Stored entries
※
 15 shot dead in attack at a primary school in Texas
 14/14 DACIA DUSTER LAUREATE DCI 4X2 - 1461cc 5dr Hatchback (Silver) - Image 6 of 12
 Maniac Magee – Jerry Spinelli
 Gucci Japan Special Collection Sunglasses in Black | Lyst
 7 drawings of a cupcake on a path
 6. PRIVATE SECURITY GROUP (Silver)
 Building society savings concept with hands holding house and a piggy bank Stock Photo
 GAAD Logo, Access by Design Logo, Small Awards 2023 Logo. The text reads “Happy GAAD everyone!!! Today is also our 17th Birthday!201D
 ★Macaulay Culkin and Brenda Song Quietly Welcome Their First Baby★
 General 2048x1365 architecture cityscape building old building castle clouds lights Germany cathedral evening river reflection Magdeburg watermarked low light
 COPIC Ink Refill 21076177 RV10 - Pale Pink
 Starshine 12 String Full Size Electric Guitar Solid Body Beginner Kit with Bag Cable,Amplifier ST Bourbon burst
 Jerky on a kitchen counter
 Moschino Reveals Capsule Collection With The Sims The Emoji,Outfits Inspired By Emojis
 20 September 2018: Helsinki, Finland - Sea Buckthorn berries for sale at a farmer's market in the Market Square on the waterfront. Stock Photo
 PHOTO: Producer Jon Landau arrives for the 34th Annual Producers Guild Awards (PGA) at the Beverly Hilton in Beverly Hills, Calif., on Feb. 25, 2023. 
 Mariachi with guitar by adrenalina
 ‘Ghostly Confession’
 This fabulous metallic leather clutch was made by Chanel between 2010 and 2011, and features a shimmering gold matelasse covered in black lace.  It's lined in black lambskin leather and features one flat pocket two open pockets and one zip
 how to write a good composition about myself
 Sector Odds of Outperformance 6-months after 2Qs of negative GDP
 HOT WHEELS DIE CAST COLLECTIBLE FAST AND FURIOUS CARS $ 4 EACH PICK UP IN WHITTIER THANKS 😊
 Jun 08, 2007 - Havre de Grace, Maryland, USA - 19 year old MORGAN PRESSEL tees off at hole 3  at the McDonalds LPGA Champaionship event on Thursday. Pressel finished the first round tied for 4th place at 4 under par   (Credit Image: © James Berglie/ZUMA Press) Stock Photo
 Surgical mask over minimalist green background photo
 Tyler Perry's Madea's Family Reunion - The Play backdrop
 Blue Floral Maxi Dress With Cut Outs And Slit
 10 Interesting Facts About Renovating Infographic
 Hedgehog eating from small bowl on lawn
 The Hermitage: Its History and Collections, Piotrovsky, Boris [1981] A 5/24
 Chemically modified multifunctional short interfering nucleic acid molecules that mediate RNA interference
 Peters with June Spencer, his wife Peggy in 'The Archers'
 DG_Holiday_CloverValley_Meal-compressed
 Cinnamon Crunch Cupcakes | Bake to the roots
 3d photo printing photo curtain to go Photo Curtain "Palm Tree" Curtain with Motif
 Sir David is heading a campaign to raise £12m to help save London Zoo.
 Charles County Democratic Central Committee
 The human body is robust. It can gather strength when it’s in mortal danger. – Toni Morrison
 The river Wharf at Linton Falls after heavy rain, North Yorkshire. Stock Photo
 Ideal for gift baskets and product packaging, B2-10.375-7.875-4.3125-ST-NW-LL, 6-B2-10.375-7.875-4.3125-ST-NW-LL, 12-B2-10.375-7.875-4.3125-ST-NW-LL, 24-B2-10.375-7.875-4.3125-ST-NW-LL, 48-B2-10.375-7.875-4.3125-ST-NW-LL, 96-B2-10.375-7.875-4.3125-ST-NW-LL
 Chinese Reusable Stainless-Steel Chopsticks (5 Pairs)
※
**Work item**
Reproduce, word for word and in full, only the lines above that start at the line with "Peters with June" and run through the line with "The river Wharf", both ends included.

**Answer space**
 Peters with June Spencer, his wife Peggy in 'The Archers'
 DG_Holiday_CloverValley_Meal-compressed
 Cinnamon Crunch Cupcakes | Bake to the roots
 3d photo printing photo curtain to go Photo Curtain "Palm Tree" Curtain with Motif
 Sir David is heading a campaign to raise £12m to help save London Zoo.
 Charles County Democratic Central Committee
 The human body is robust. It can gather strength when it’s in mortal danger. – Toni Morrison
 The river Wharf at Linton Falls after heavy rain, North Yorkshire. Stock Photo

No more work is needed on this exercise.